Every GNN-based structure model constructs a molecular graph from parsed coordinates. This graph construction is reimplemented in every codebase (Graphein, AF2 data pipeline, OpenFold, ProteinMPNN, ESM-IF) and is a major preprocessing bottleneck. Specific problems:

No random access to subsets of atoms or residues without reading the full file
No stored spatial index for neighbor lookup (every model rebuilds k-d trees / radius graphs)
No standard for internal coordinates (phi/psi/omega/chi angles) alongside Cartesian – every model recomputes these
Pair representations ((N_res, N_res, d) tensors) are the most expensive object in AF2-family models and are never stored/shared
No convention for packaging ensembles as training data for ensemble-aware models
Tokenization for heterogeneous systems (protein + ligand + nucleic acid + ions) is done ad-hoc in AF3/Boltz/Chai with no shared vocabulary

The IHMCIF dictionary (the IHM working group extension, github.com/ihmwg/IHMCIF) extends mmCIF with ~30 new categories for integrative/hybrid models.
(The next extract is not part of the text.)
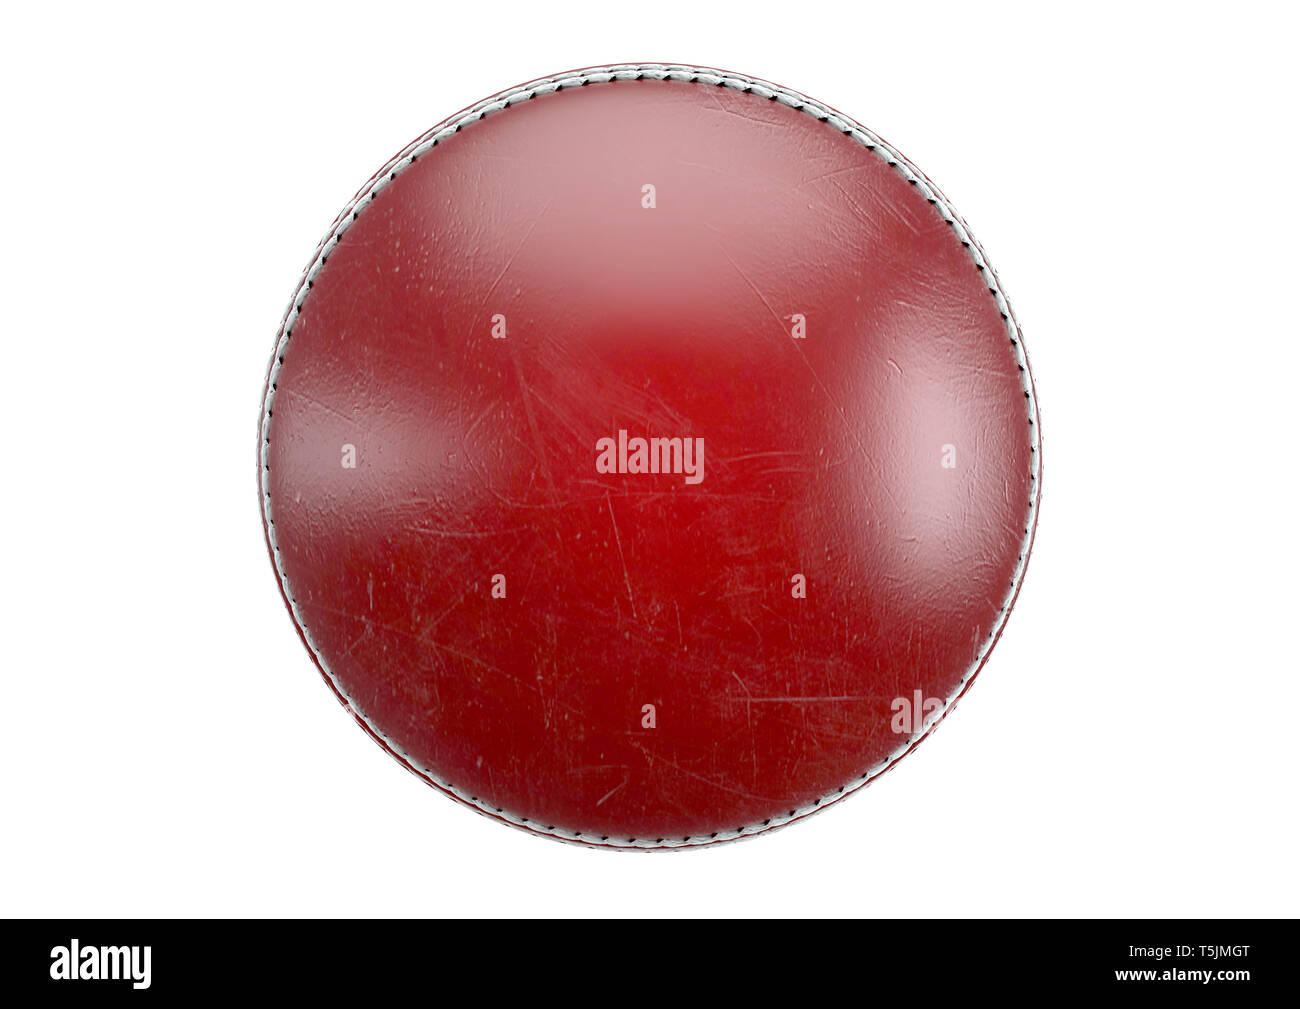 Seitenansicht eines roten Cricket Ball auf einem isolierten Hintergrund - 3D-Rendering Stockfoto

It adds: discrete multi-state models, ordered ensembles (states connected by time or other ordering), multi-scale representations (atomic + coarse-grained beads in the same model), and spatial restraint descriptions. PDB-IHM was unified with the PDB archive in August 2024 and now issues standard PDB accession codes. But: states remain discrete and independent, there is no thermodynamic annotation, no per-state uncertainty, no support for continuous distributions, and the text-file serialization doesn’t scale to large ensembles.